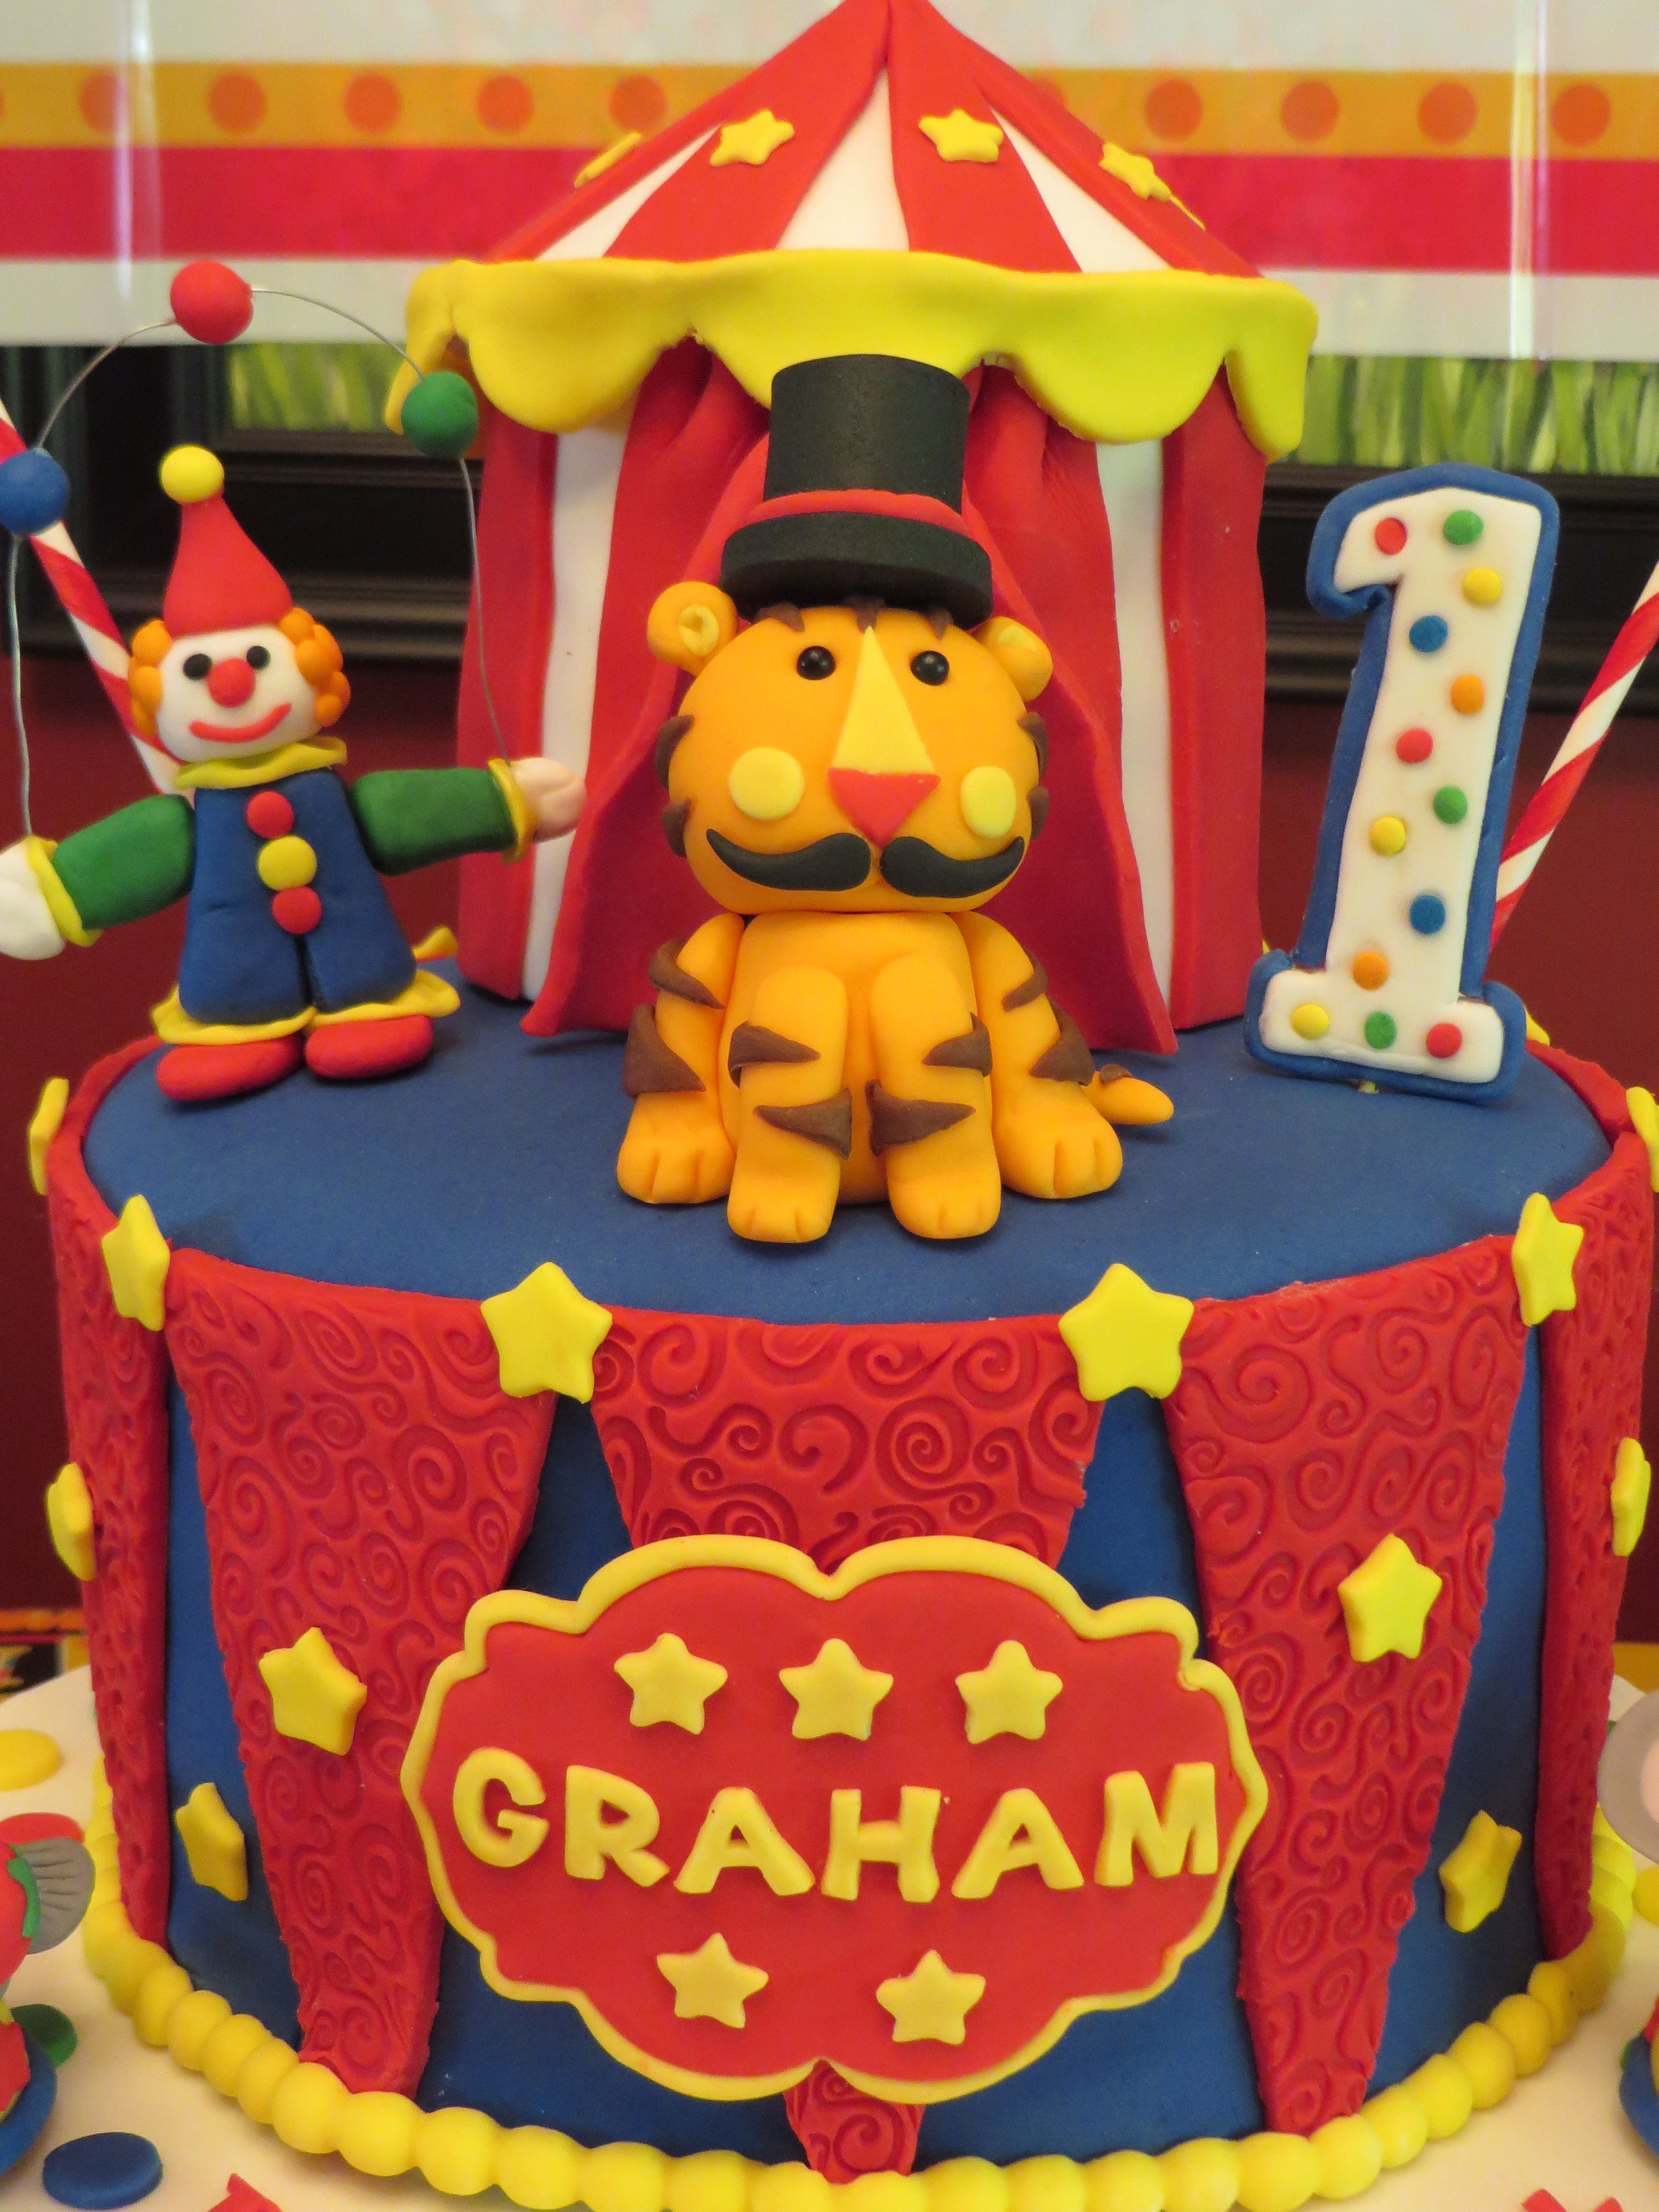 Circus theme cake for my Grandsonu0027s first birthday! 8  Vanilla cake w/vanilla icing and circus tent is 4  chocolate cake w/ vanilla icing. & Circus Theme Cake For My Grandsons First Birthday 8 Vanilla Cake ...
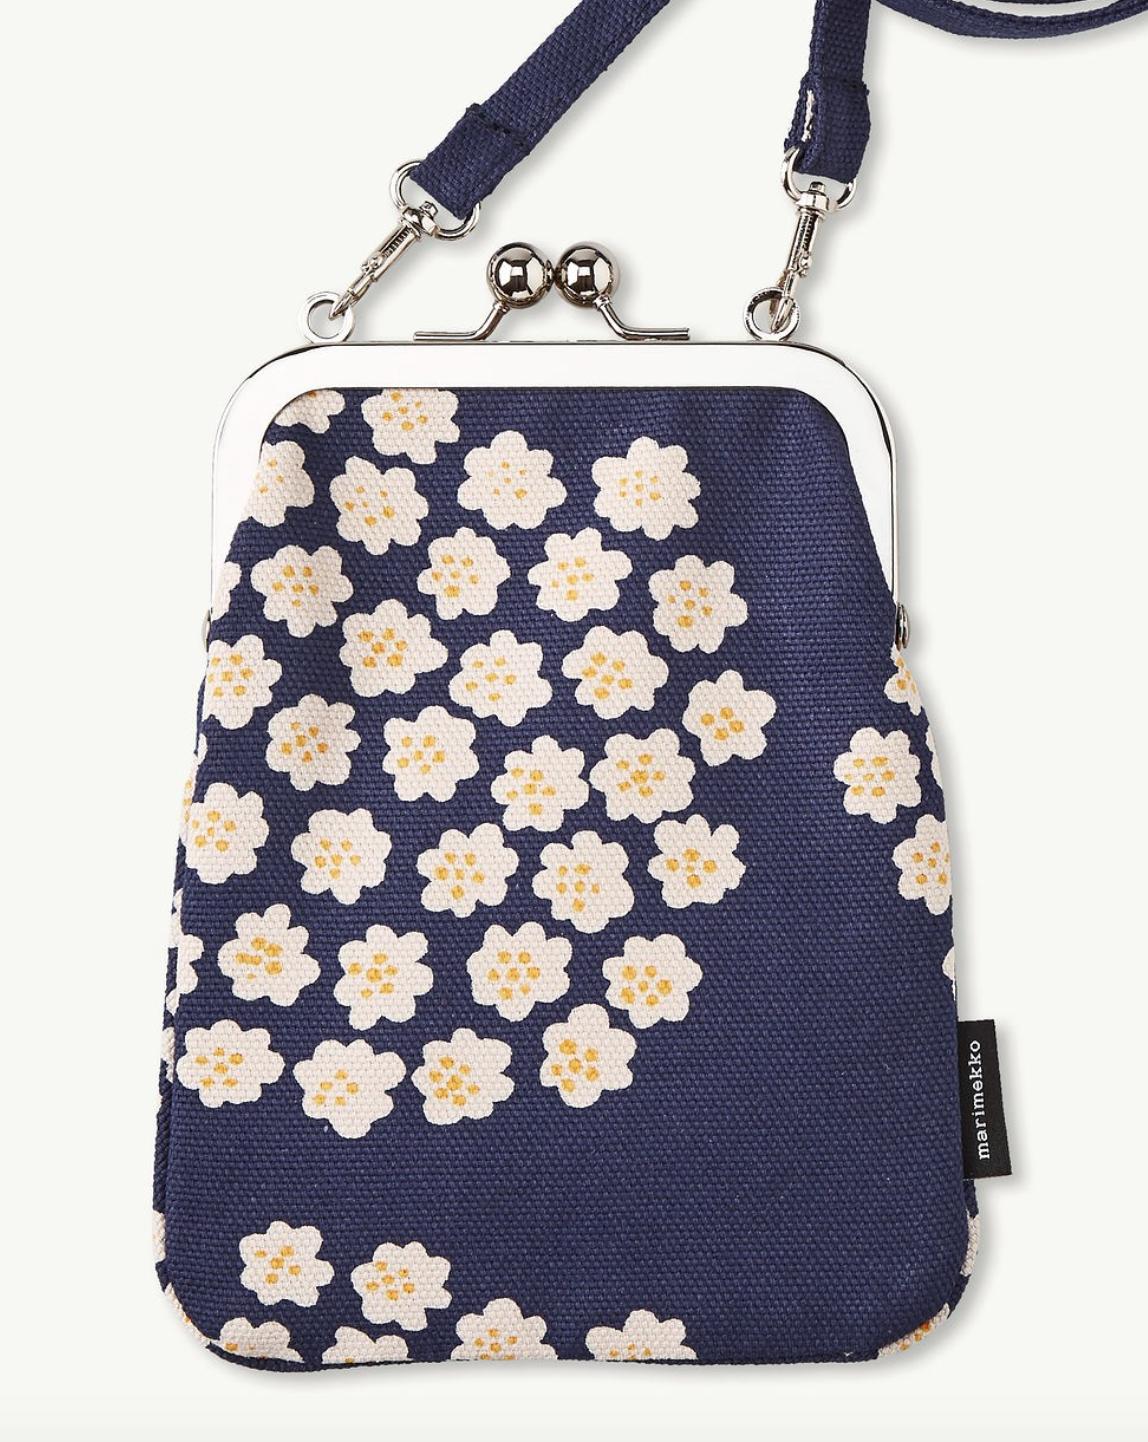 Marimekko Rimmi bourse sac, de la Finlande Neuf avec étiquettes, bleu puketti
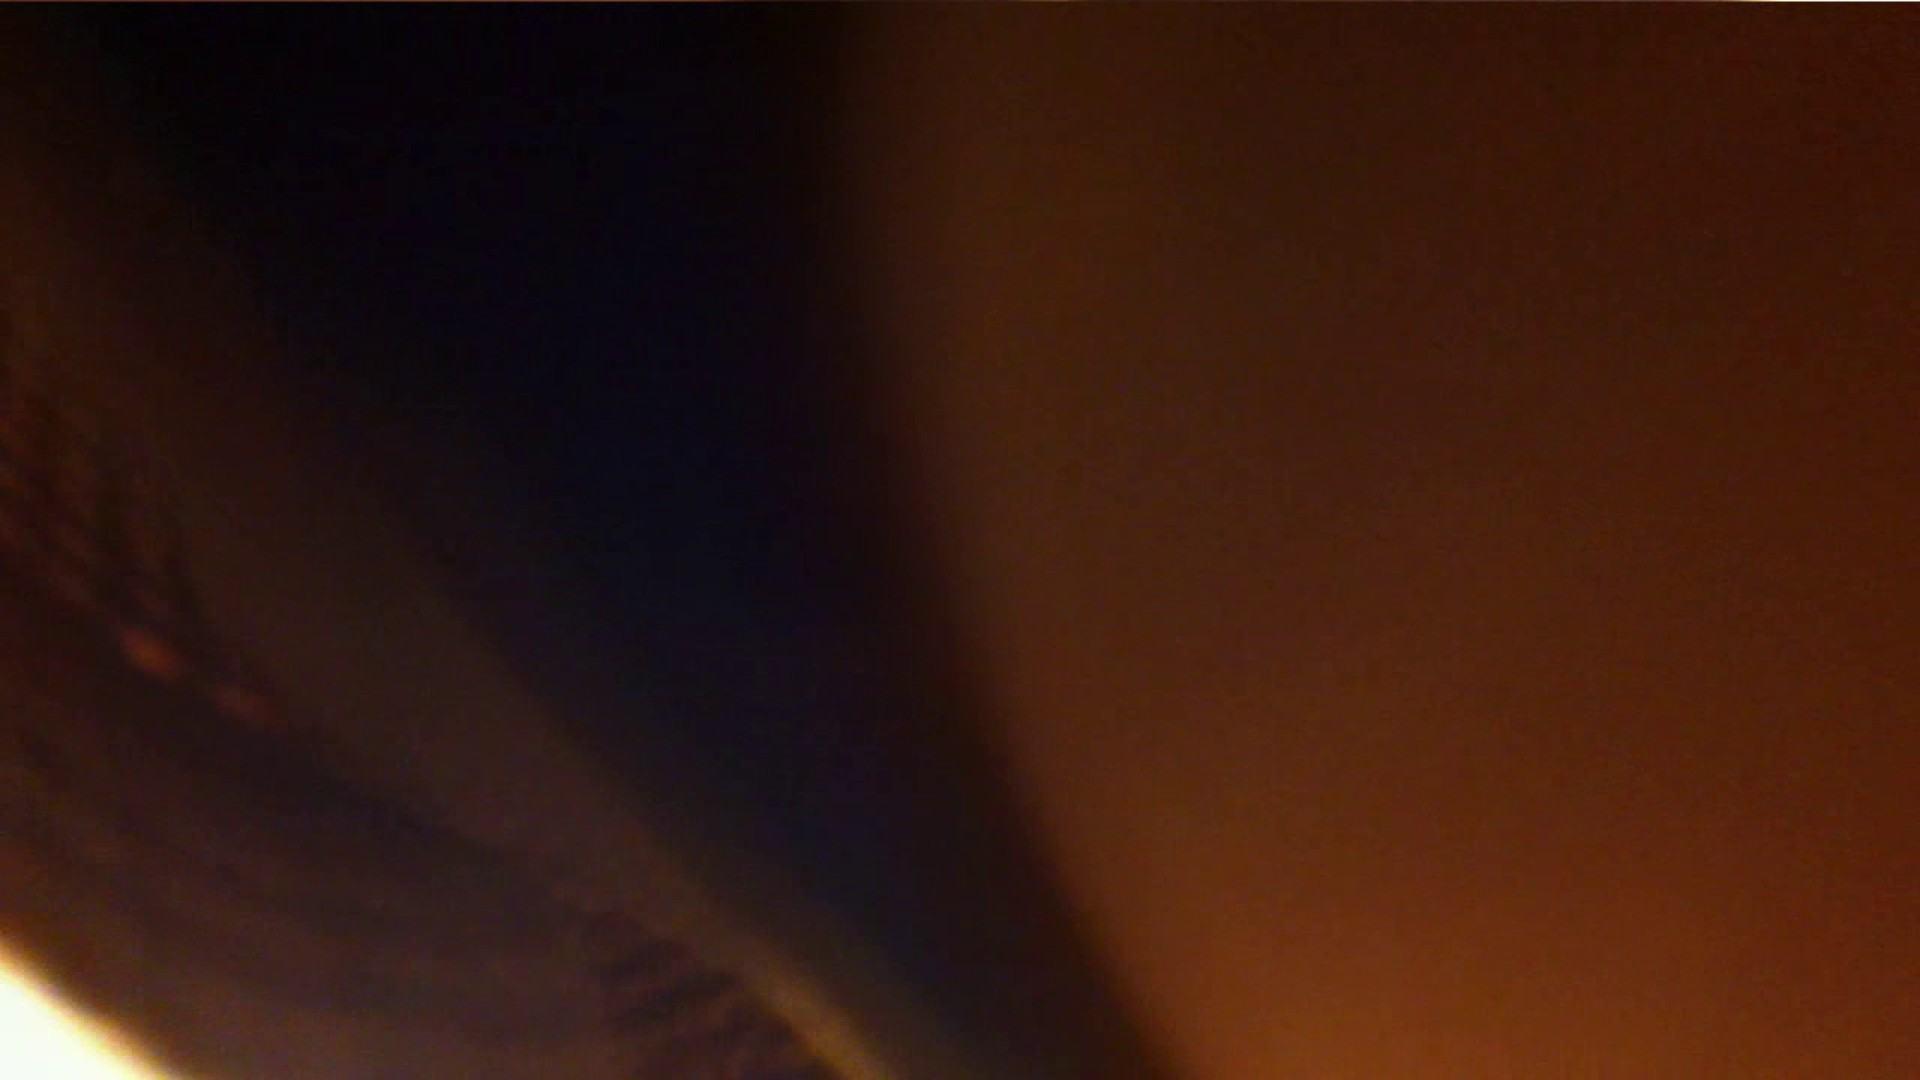 vol.34 美人アパレル胸チラ&パンチラ メガネ属性っていいよね♥ パンチラ 濡れ場動画紹介 66PICs 57

» **Problem**
Could you reproduce the data above exactly, without its pictures?

» **Task answer**
 Circus theme cake for my Grandsonu0027s first birthday! 8  Vanilla cake w/vanilla icing and circus tent is 4  chocolate cake w/ vanilla icing. & Circus Theme Cake For My Grandsons First Birthday 8 Vanilla Cake ...
 Marimekko Rimmi bourse sac, de la Finlande Neuf avec étiquettes, bleu puketti
 vol.34 美人アパレル胸チラ&パンチラ メガネ属性っていいよね♥ パンチラ 濡れ場動画紹介 66PICs 57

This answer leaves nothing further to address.